The Los Angeles Times called Heyday (2007)  “a major work.” The Houston Chronicle (and nine other newspapers) said it “deserves instant acceptance into the ranks of Thomas Berger’s Little Big Man, E.L. Doctorow’s Ragtime, and Gore Vidal’s Lincoln.” It won the Langum Prize as the best American historical novel of the year, and was  a New York Times bestseller,

The New York Times called Turn of the Century (1999) “wickedly satirical” and “outrageously funny” and named it a Notable Book of the year, while The Wall Street Journal said it was “savagely subversive” and “a smart, funny and excruciatingly deft portrait of our age.” Publishers Weekly called it  “a blockbuster fiction debut for Andersen” and “brilliantly conceived, keenly incisive social satire that draws fresh humor out of millennial madness” — and in 2016 named it one of the ten best long novels ever.

Magazines & Media

He co-founded the transformative satirical magazine Spy and was its editor for seven years. In  the New York Times recently, media critic Jack Shaferwrote that Spy was one of “a handful of 20th-century American magazines whose glory days continue to influence editors,” and that “Spy didn’t capture the zeitgeist — it was the zeitgeist.” Author Christopher Buckley in the Times called it “deliciously vicious” and “despised by all the right people, primus inter pares, Donald Trump.” And author Dave Eggers said “it’s pretty safe to say that Spy was the most influential magazine” of its era. “It was cruel, brilliant, beautifully written and perfectly designed, and feared by all. There’s no magazine that’s so continually referenced, held up as a benchmark; and whose demise is so lamented.”After Spy, Andersen became editor-in-chief of New York; in 2000 co-founded Inside, the first online publication covering the media and entertainment industries; oversaw a relaunch of Colors magazine; and co-founded the daily online newsletter Very Short List.

Podcasts & Audio

He was the co-creator and host of Studio 360, the cultural magazine show and podcast that ran from  from 2000 to 2020. It was heard by almost 1 million listeners each week on 250 public radio stations and  by podcast. The program  won two Peabody Awards

In 2021 he  wrote and narrated the seven-episode podcast Nixon At War.  Historian and Nixon biographer Evan Thomas said it was “the smartest and clearest (and most entertaining) explanation of this tangled mess I have heard.” Political journalist John Heileman called it “the best kind of history, stunningly good – magisterial, extraordinary, delightful, entertaining, fantastic, darkly comic, brilliant, astonishing, and incredibly gratifying.”

TV, Film, Theater

In 2022 he co-created and co-wrote with Steven Soderbergh Command Z, a 90-minute 7-episode sci-fi comedy series starring Michael Cera, Liev Schrieber and Roy Woods Jr.  IndieWire called it  “a playful and hilarious satire that is deadly serious." "Soderbergh and Andersen's Command Z,” and according to The Daily Beast “is a funny and pointed web series about wormholes, paradoxes, and transformative action.”
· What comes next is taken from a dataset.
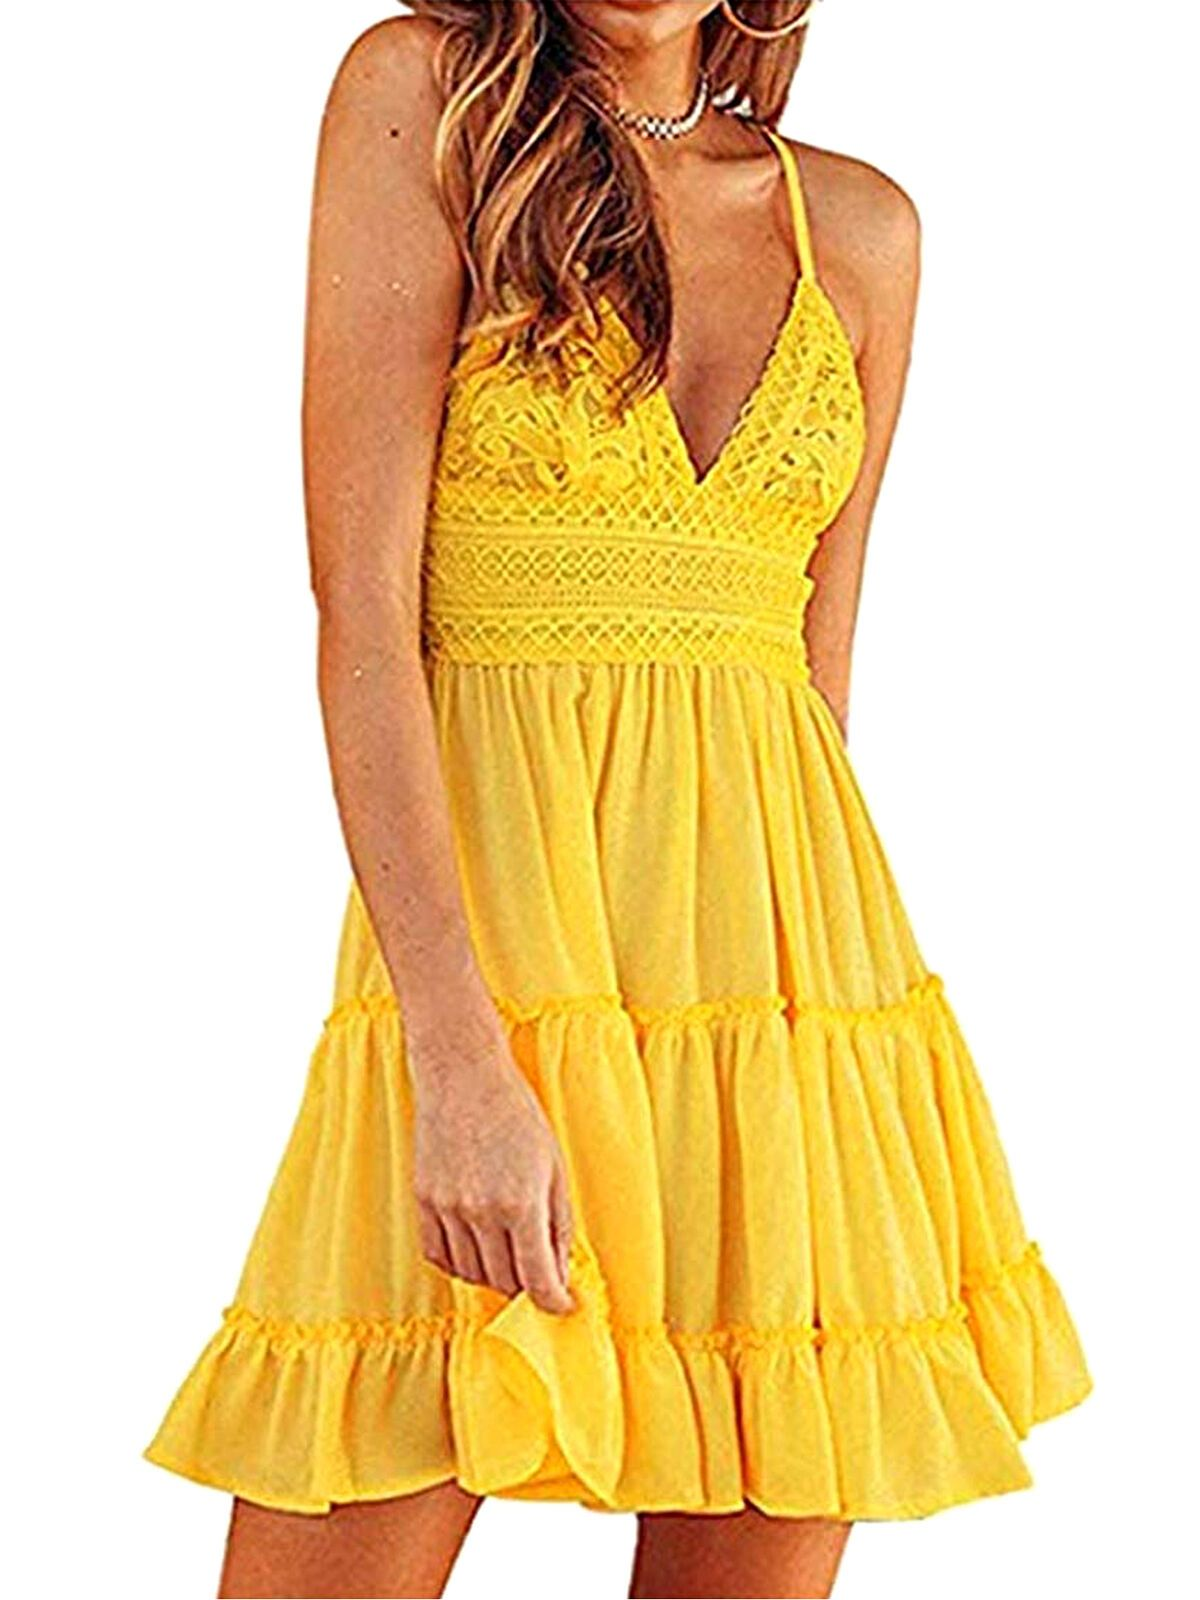 Tetyseysh Tetyseysh Womens Boho Maxi Dress Lady Evening Cocktail Party Beach Sundress Walmart Com In 2021 Boho Maxi Dress Swing Skater Dress Mini Skater Dress [ 1600 x 1200 Pixel ]

In 2021 he wrote the 10-episode second season of The World According to Jeff Goldblum on Disney+. For USA Networks/Universal he co-created the cable TV channel Trio. He was executive producer and head writer of two prime-time specials for NBC, How to Be Famous and Hit List, starring Jerry Seinfeld and Julia Louis-Dreyfus. He has co-written feature film screenplays as well as TV pilots for ABC, NBC, HBO, and Amazon. 
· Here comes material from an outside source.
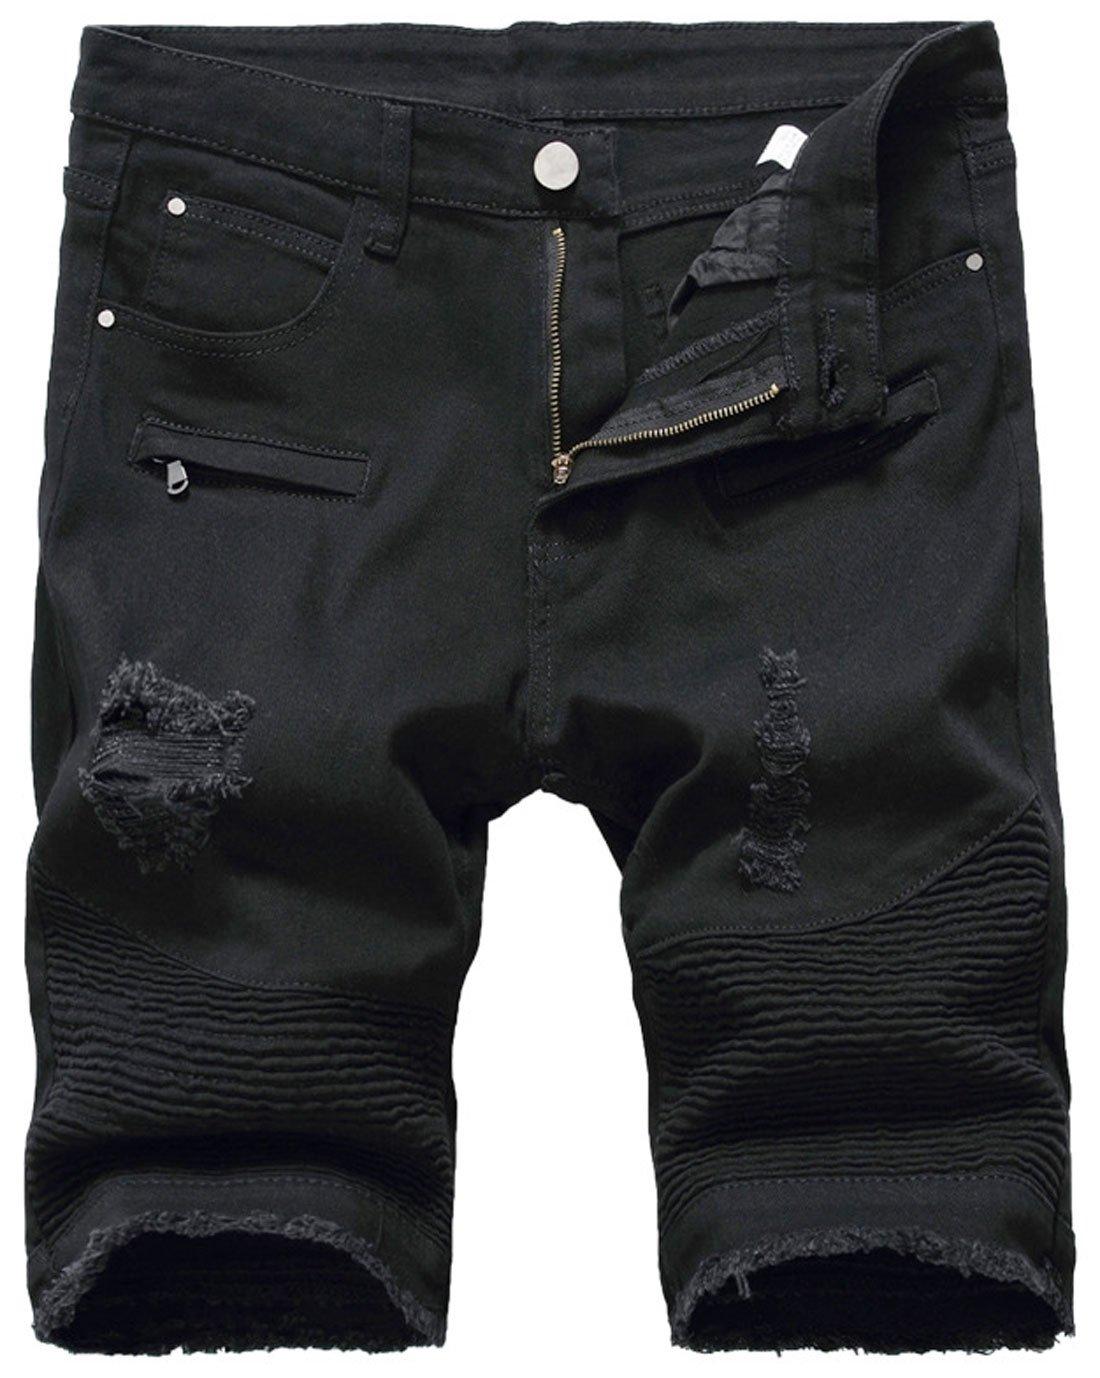 Chouyatou Men's Cool Stylish Wrinkle Performance Slim Ripped Denim Shorts (36, Black)

He is a co-author of Loose Lips, a satirical off-Broadway “verbatim theater” piece starring Bebe Neuwirth, Harry Shearer and Andy Richter that had long runs in New York and Los Angeles. The play will have a New York revival in 2026.

Andersen graduated from Harvard College. He has been awarded honorary doctorates by the Rhode Island School of Design and Pratt Institute, and taught at both the Art Center College of Design (as Visionary in Residence) and the School of Visual Arts.